- [Exercise requirements]: Search the listing below for the line with "CISA - Centro de Imagem Sto. Antônio", then write out that line and every one after it exactly, without the pictures.

- [Given material]:
============================================================

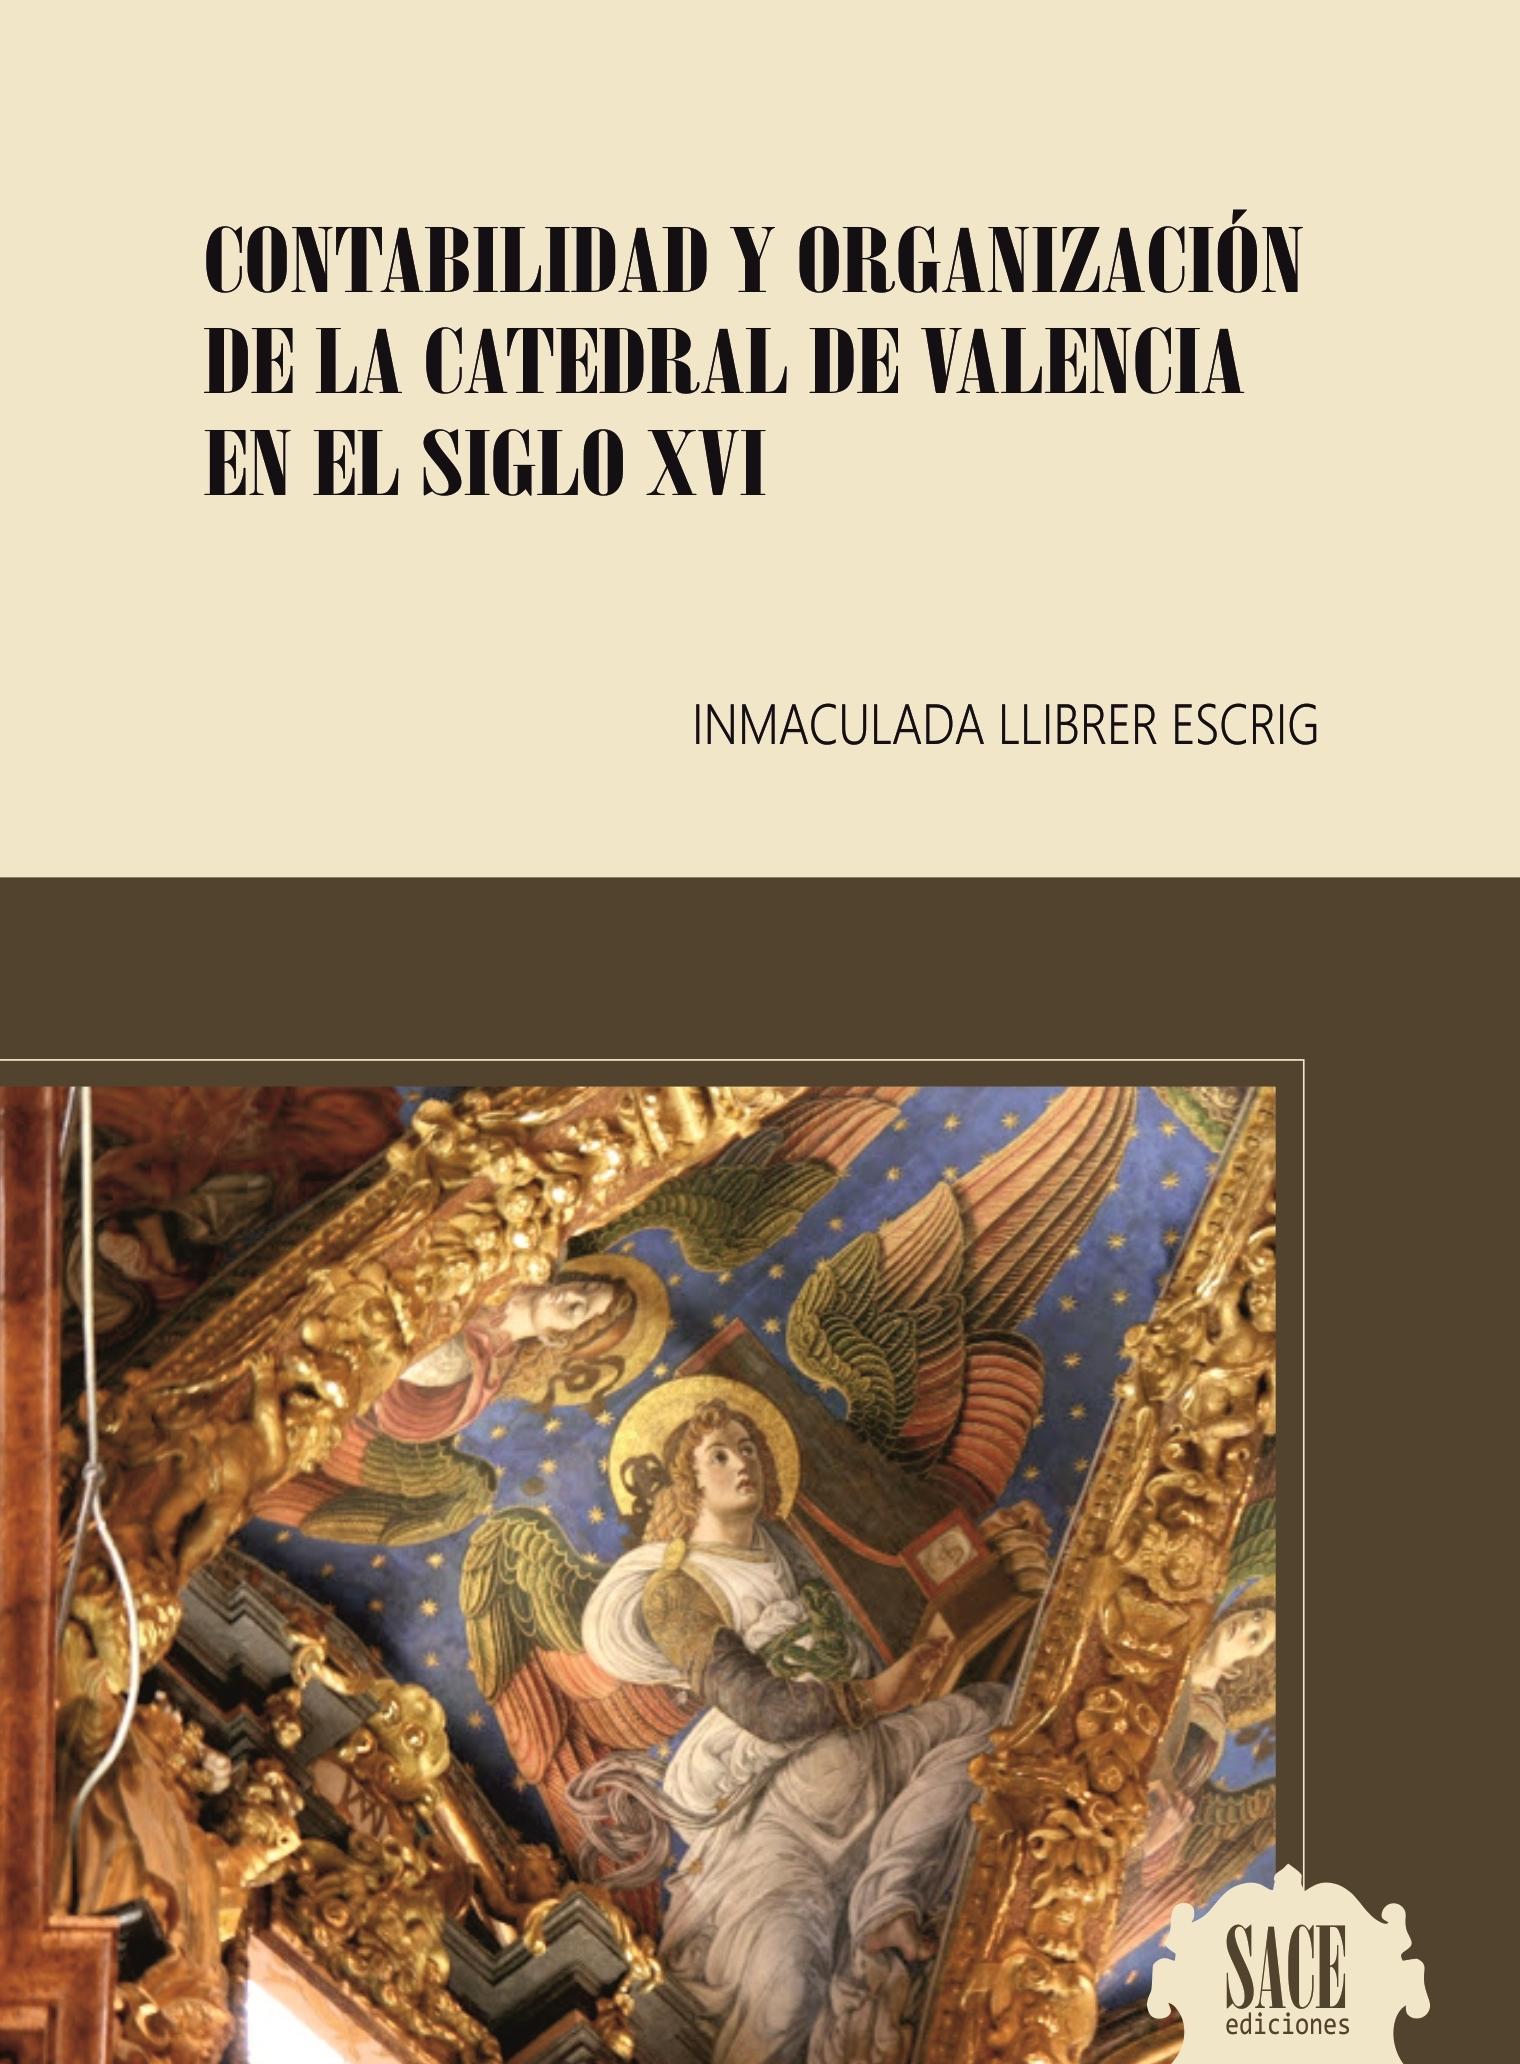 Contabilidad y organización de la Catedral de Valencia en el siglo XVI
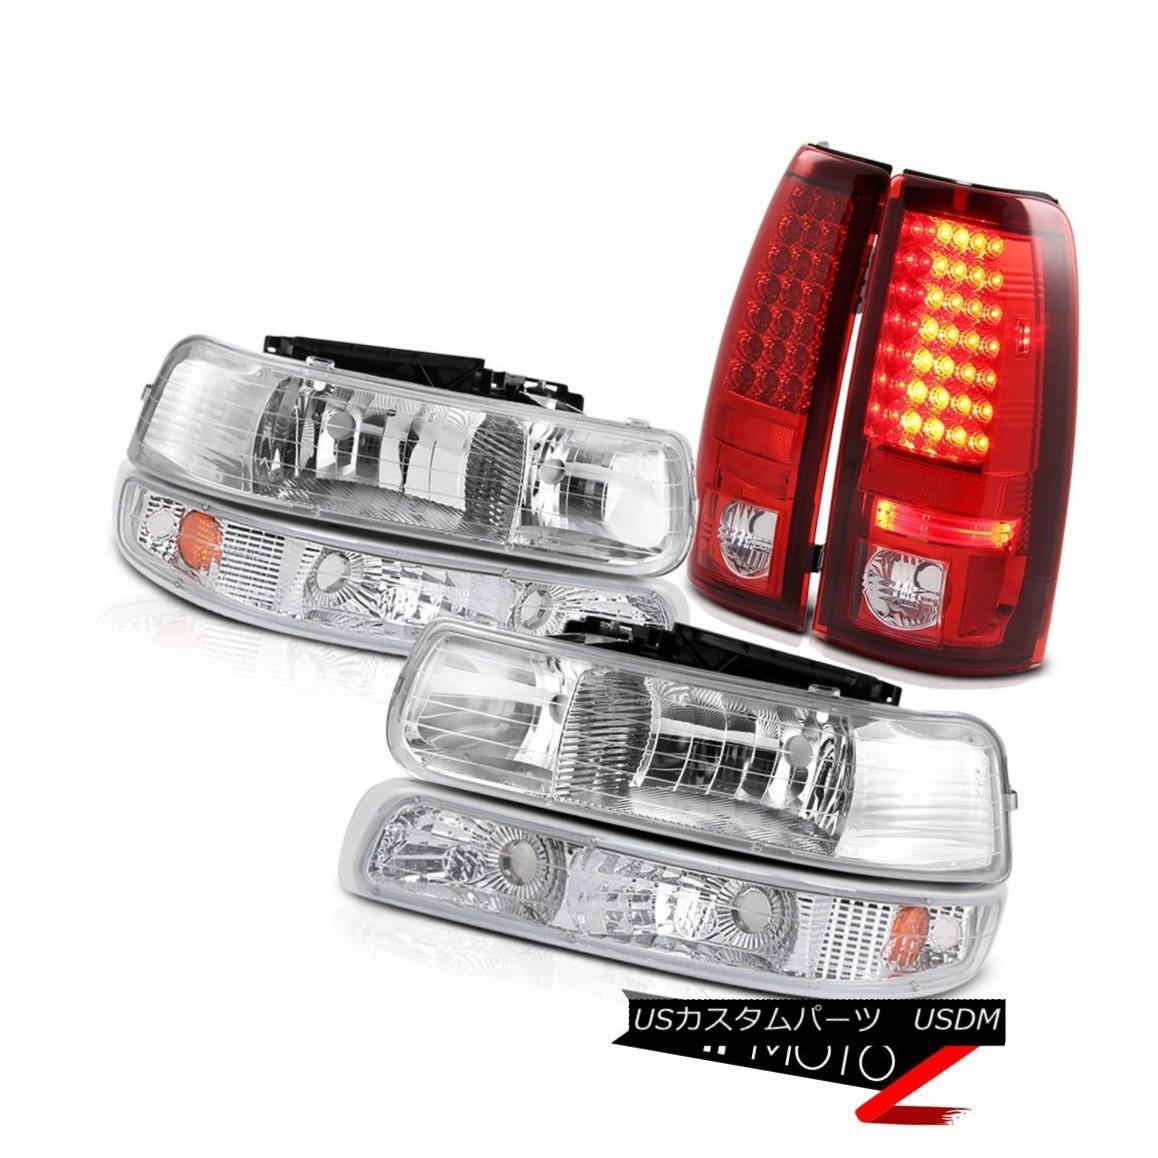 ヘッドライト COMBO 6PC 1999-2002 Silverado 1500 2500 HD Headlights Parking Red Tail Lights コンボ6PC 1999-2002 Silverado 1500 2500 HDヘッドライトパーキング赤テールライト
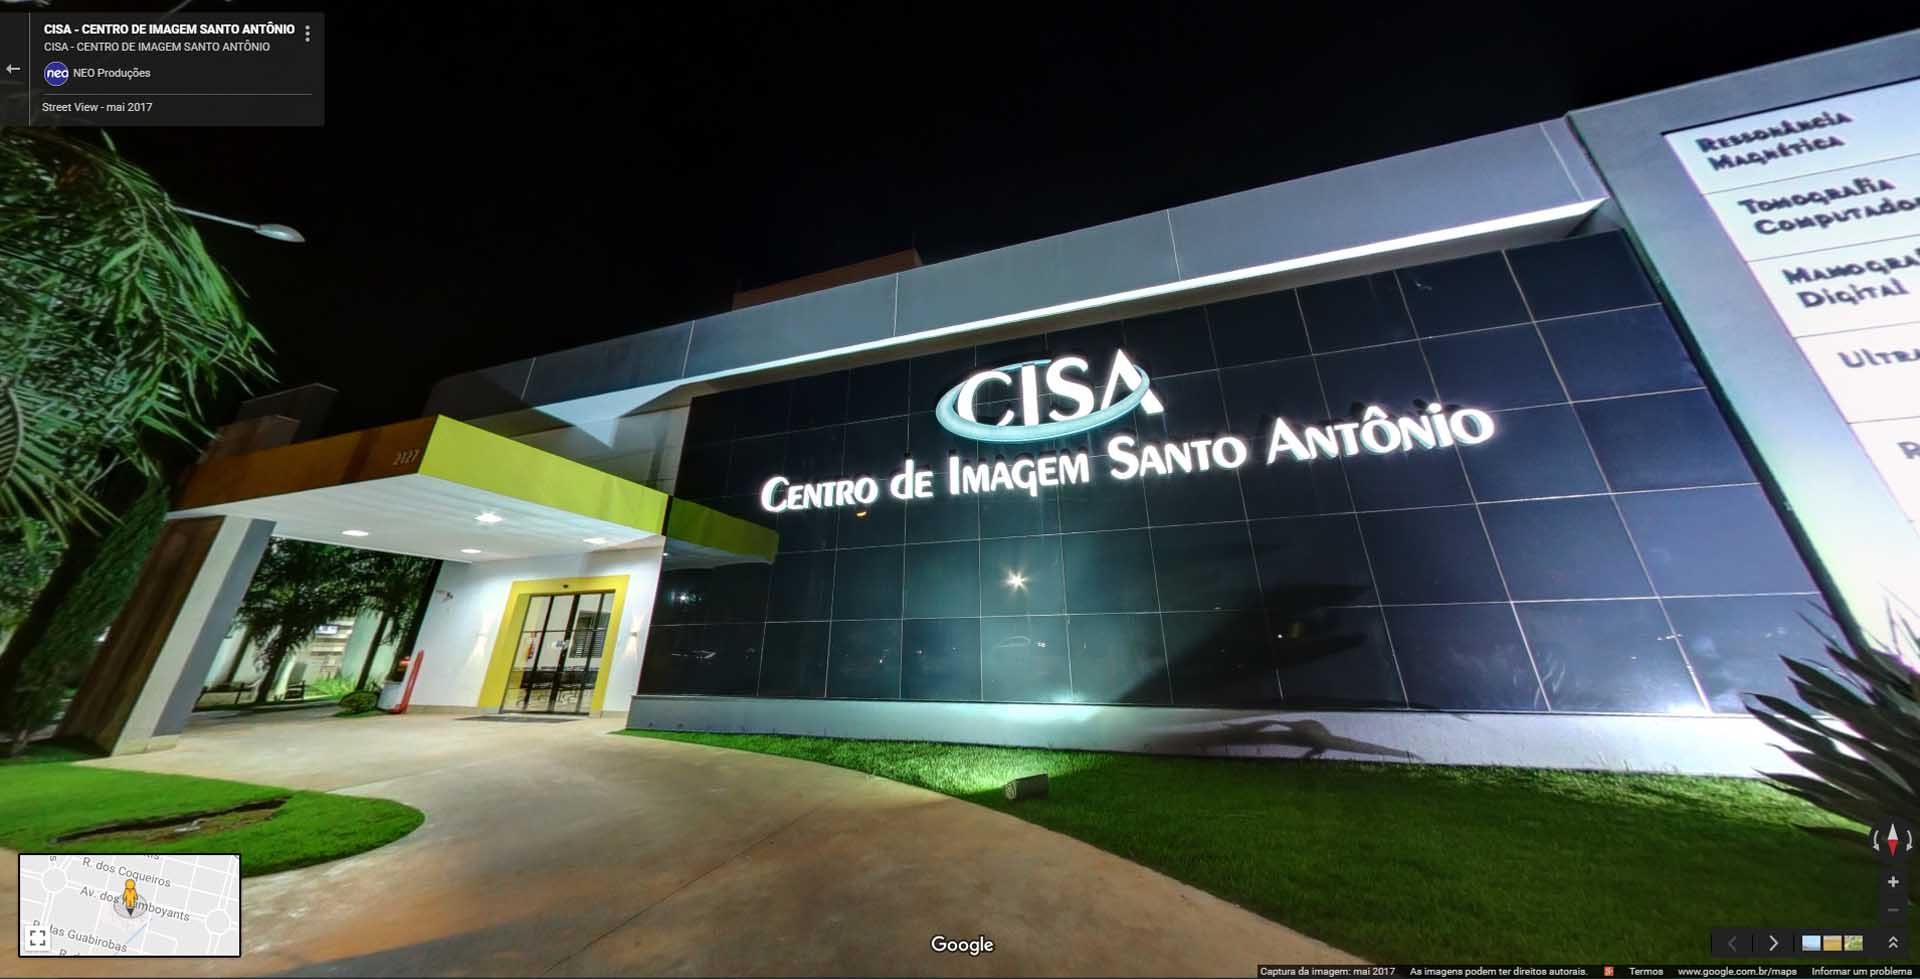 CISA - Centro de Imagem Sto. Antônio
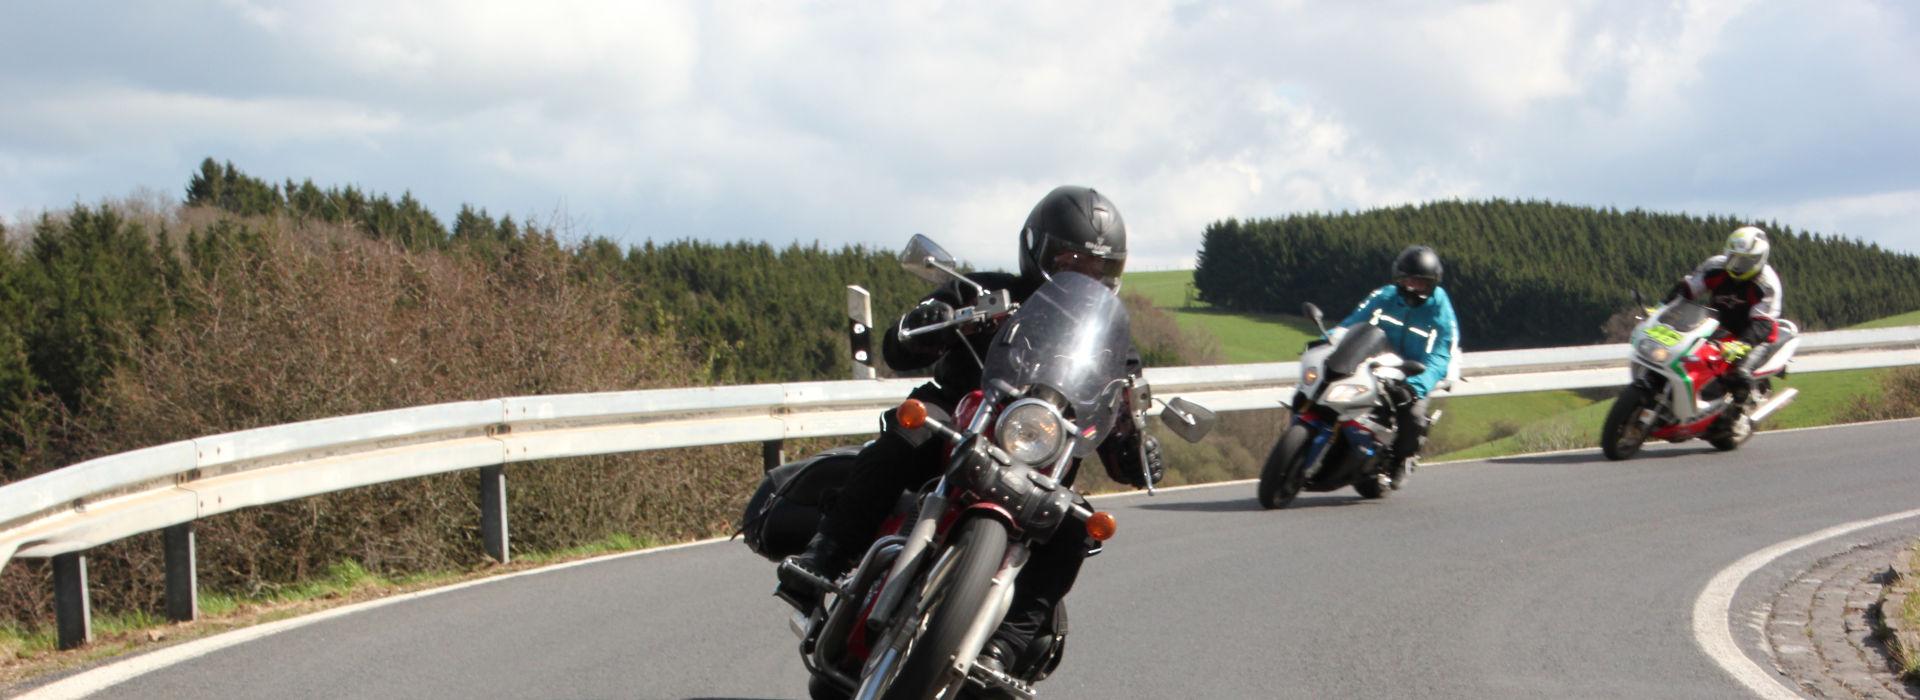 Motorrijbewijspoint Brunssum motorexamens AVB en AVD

============================================================

- [Task result]:
 CISA - Centro de Imagem Sto. Antônio
 Motorrijbewijspoint Brunssum motorexamens AVB en AVD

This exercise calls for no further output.